Thursday, 16 July 2015

The Dramaturgicon: Ali Maloney @ Edfringe 2015

The Fringe

What inspired this production: did you begin with an idea or a script or an object?

This particular show, HYDRONOMICON, was inspired by a variety of ideas. I was interested in exploring how to mould the bouffon discipline to storytelling. I was particularly struck by two shows that operated in, or around, bouffon: Red Bastard and Al Seed's Fooligan. (Aside: Red Bastard for me, was the closest I have ever been to seeing slam-dancing to spoken word, which is something I strive to achieve.) I was keen to explore the issues and techniques used by them and see how they could fit into my own style of performance poetry. 

Concurrently to this, I also had this idea of telling the story of the end of the world by flooding. Traditionally, flood myths always open with humanity bringing the wrath of the gods upon themselves; if there was ever a situation that invited the satirical sneer of the bouffon, it is this: would we deserve to be annihilated? Probably, yes.

Why bring your work to Edinburgh?
I live here so, inevitably, the majority of my formative theatrical experiences were at the Festival, so it makes sense to have aspired to perform here too. That, and I live here, so it's easy and cheap(er than it otherwise would be here) and I can sleep in my own bed rather than ten to a mattress squat.

What can the audience expect to see and feel - or even think - of your production?
There are jokes, and there are moments of utter bleakness; there are moments of flippant silliness, there are moments of terrifying truth. Sometimes these moments happen all at the same time. I want the audience to be entertained while questioning how they live, I want the audience to be taken on a narrative journey while being worked up into a revolutionary frenzy.

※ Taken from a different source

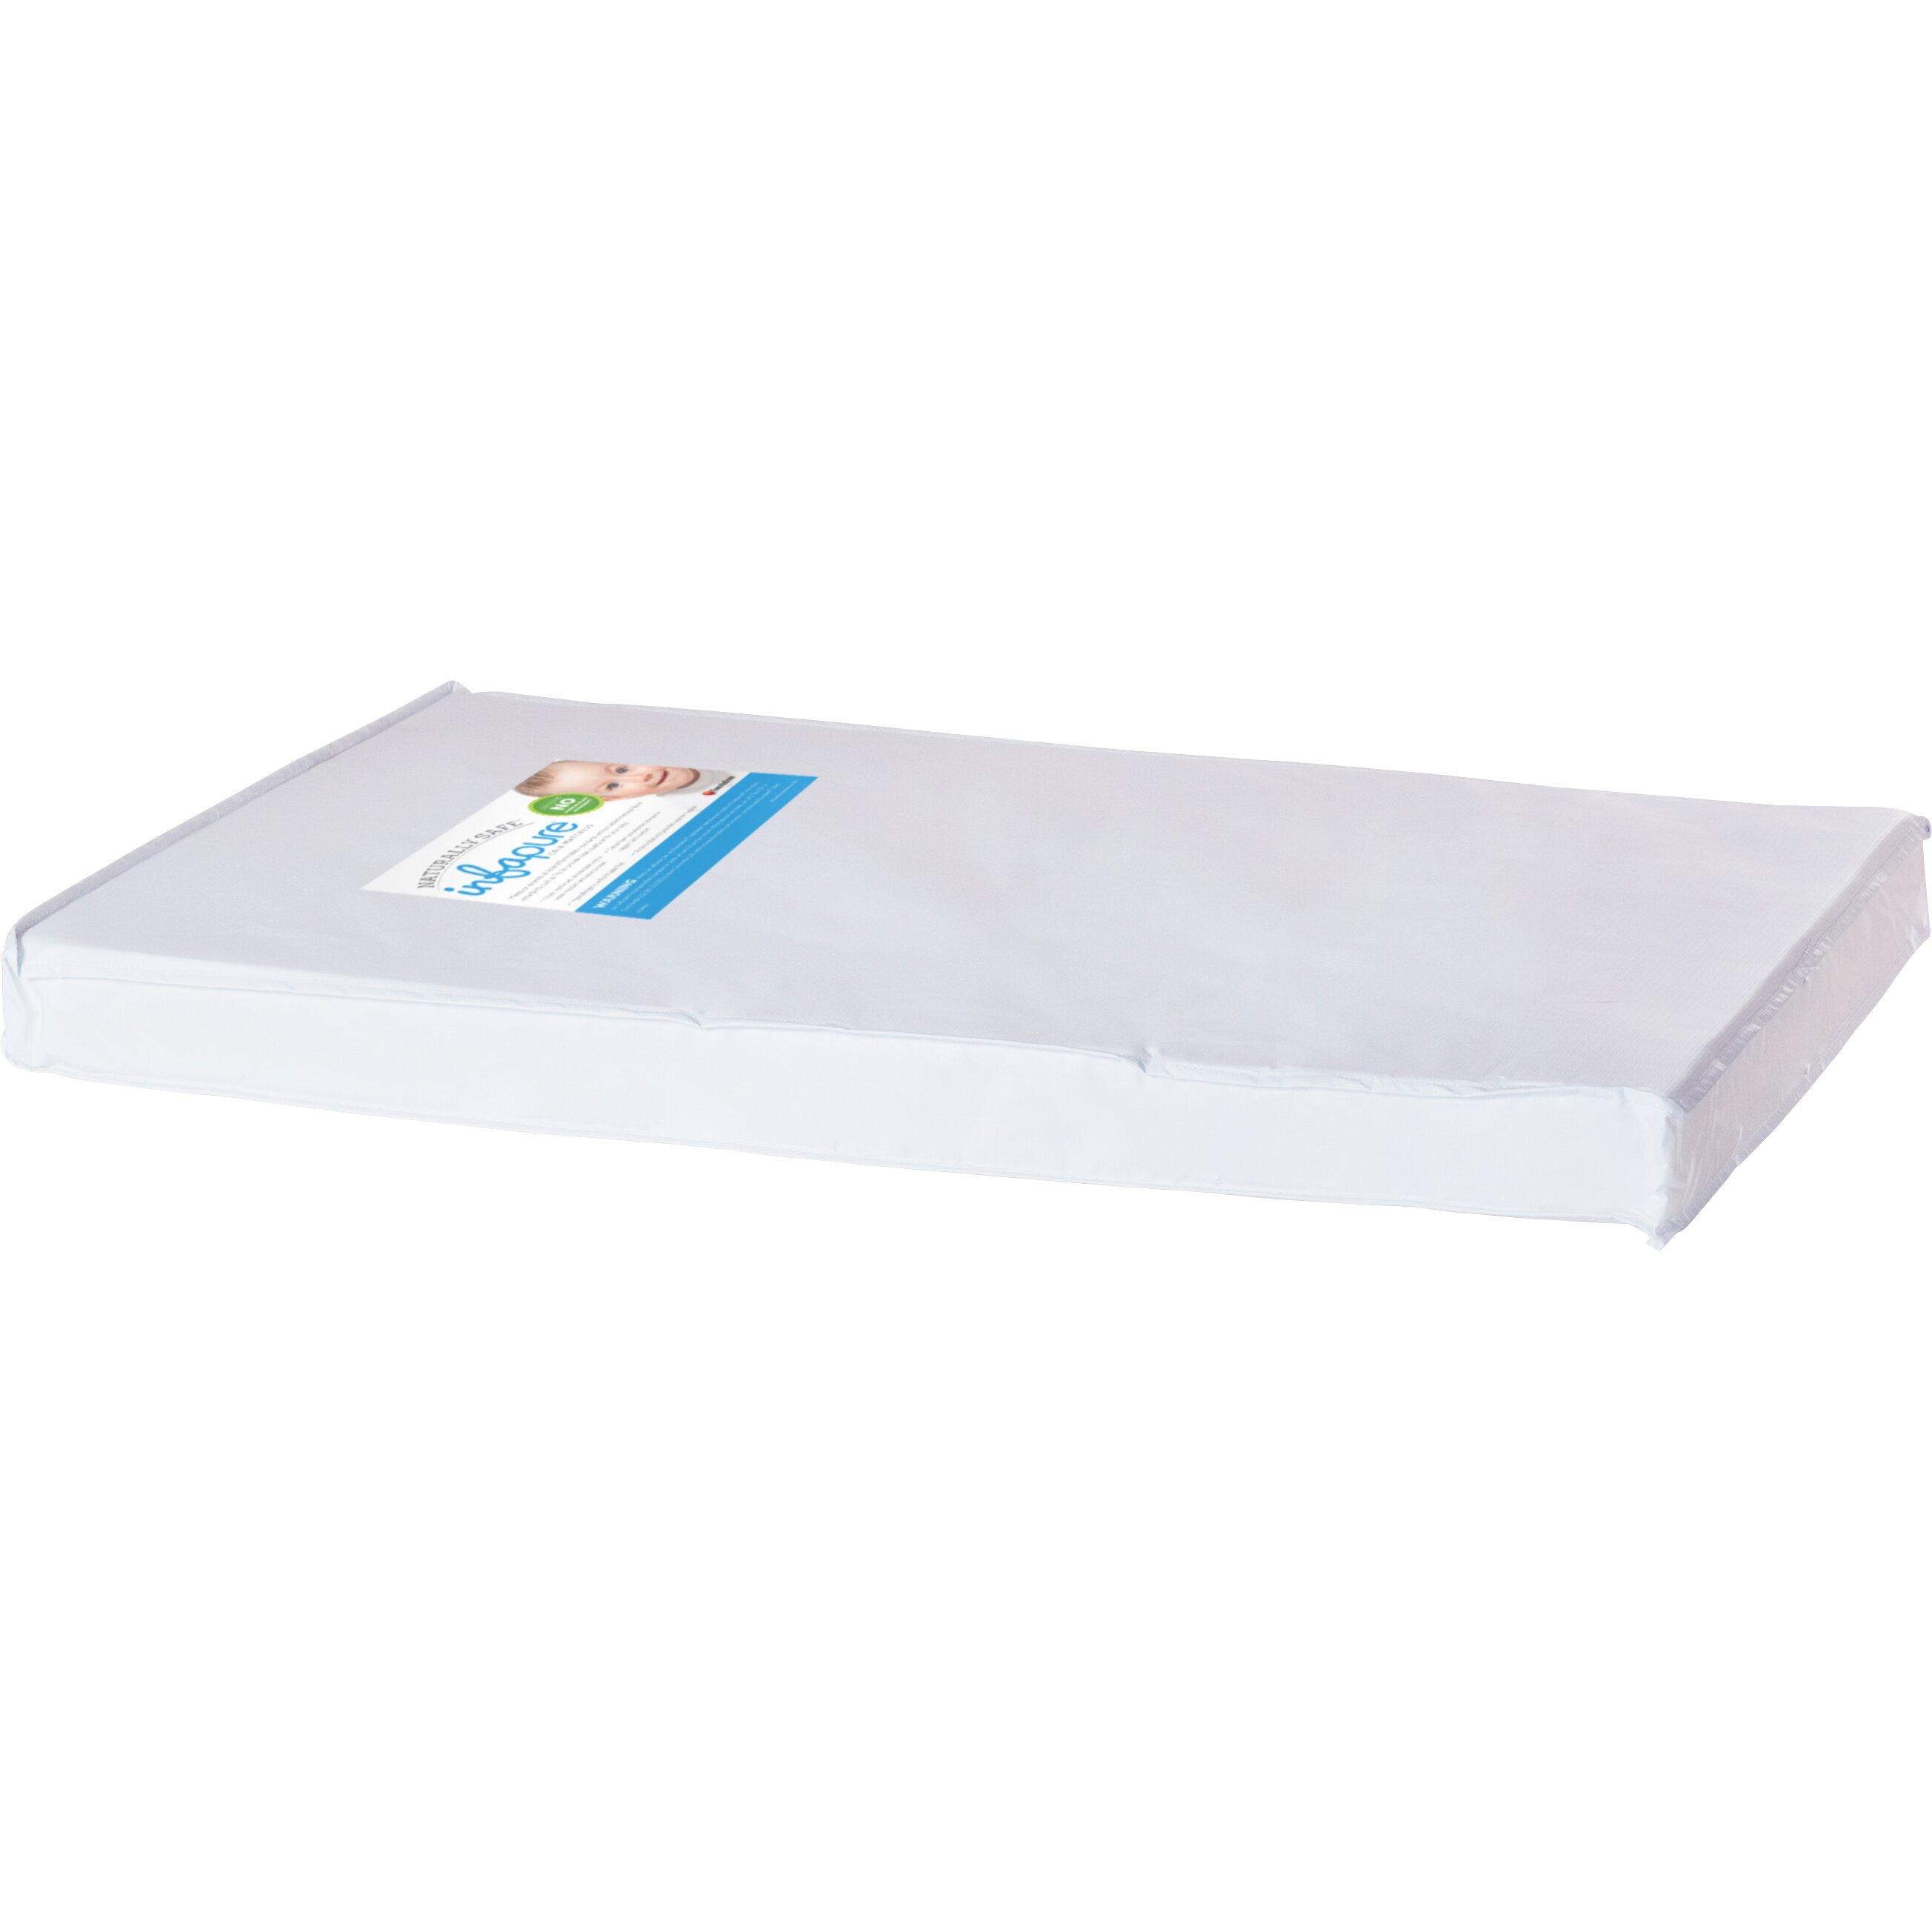 Crib mattress - Foundations Infapure 3 Quot Compact Crib Mattress

It is said that the ideal audience response to a bouffon show is to laugh uproariously throughout the whole show, then go home and kill themselves. I wouldn't want that to happen - the second bit, I mean, not the laughter; the laughter's ok though, isn't it? - but it's that dichotomy of response I am interested in.

The Dramaturgy Questions
How would you explain the relevance - or otherwise - of dramaturgy within your work?
As someone operating, nominally, within performance poetry / spoken word, this is something I need to address anew with each project. In some respects, performance poetry lies at the root of theatre, and yet still is establishing its own dramaturgical conventions. As an art form and a medium, it is undergoing somewhat of resurgence and yet we are still striving to leave the cliché of the unsteady voice reading awful angst from clutched and quivering pages.

Dramaturgy is of vital consideration to anyone who is doing anything on stage and in front of an audience, for that is where theatre happens. There is a tendency within spoken word to consider itself as somehow distinct from theatre (or stand-up comedy for that matter) which I fundamentally disagree with. It should be a very physical and tactile experience; anything less and it’s just someone reading off paper.

In this respect, it becomes a question of how I interpret a set of poems (or more likely, a rag-tag of fragments and platitudes) into a coherent piece of theatre.

What particular traditions and influences would you acknowledge on your work - have any particular artists, or genres inspired you and do you see yourself within their tradition?

Bouffon, weird fiction, backpacker rap, grotesque burlesque, horror, cosmic pessimism, plunderphonica, Dadaism; I enjoy, and am mostly inspired by, culture that attempts to eschew tradition and deliberately crosses boundaries. So yes, I see myself as being in the tradition of the flippant anti-tradition. I am very aware that my work as spoken word artist, as a band and as theatre are all, to a large extent, indistinguishable - and that is an ambiguity in which I thrive, but makes being booked more problematic (LOLZ).

Some specific things that I enjoy and inform my work: Lauremont’s Maldoror, Bill Burroughs, Svankmajer, blackSKYwhite, Berkoff’s Kafka adaptations, Keiji Haino, The League of Gentlemen, Texas Chainsaw Massacre, Mr Bungle, Zdzisław Beksiński, Chris Morris and so on and on.

Do you have a particular process of making that you could describe - where it begins, how you develop it, and whether there is any collaboration in the process?
I keep being asked if I write the words first, then choreograph them, or if I start the other way around. The truth is, it’s a little of each but, really, it all starts with a concept, an idea or a central image. Out of that, words and movements tend to extrapolate themselves.

Despite the fact that I almost always work in collaboration (normally with musicians), a lot of the development work goes on inside my head (normally in the shower).

What do you feel the role of the audience is, in terms of making the meaning of your work?
They are there to play, and to be played with.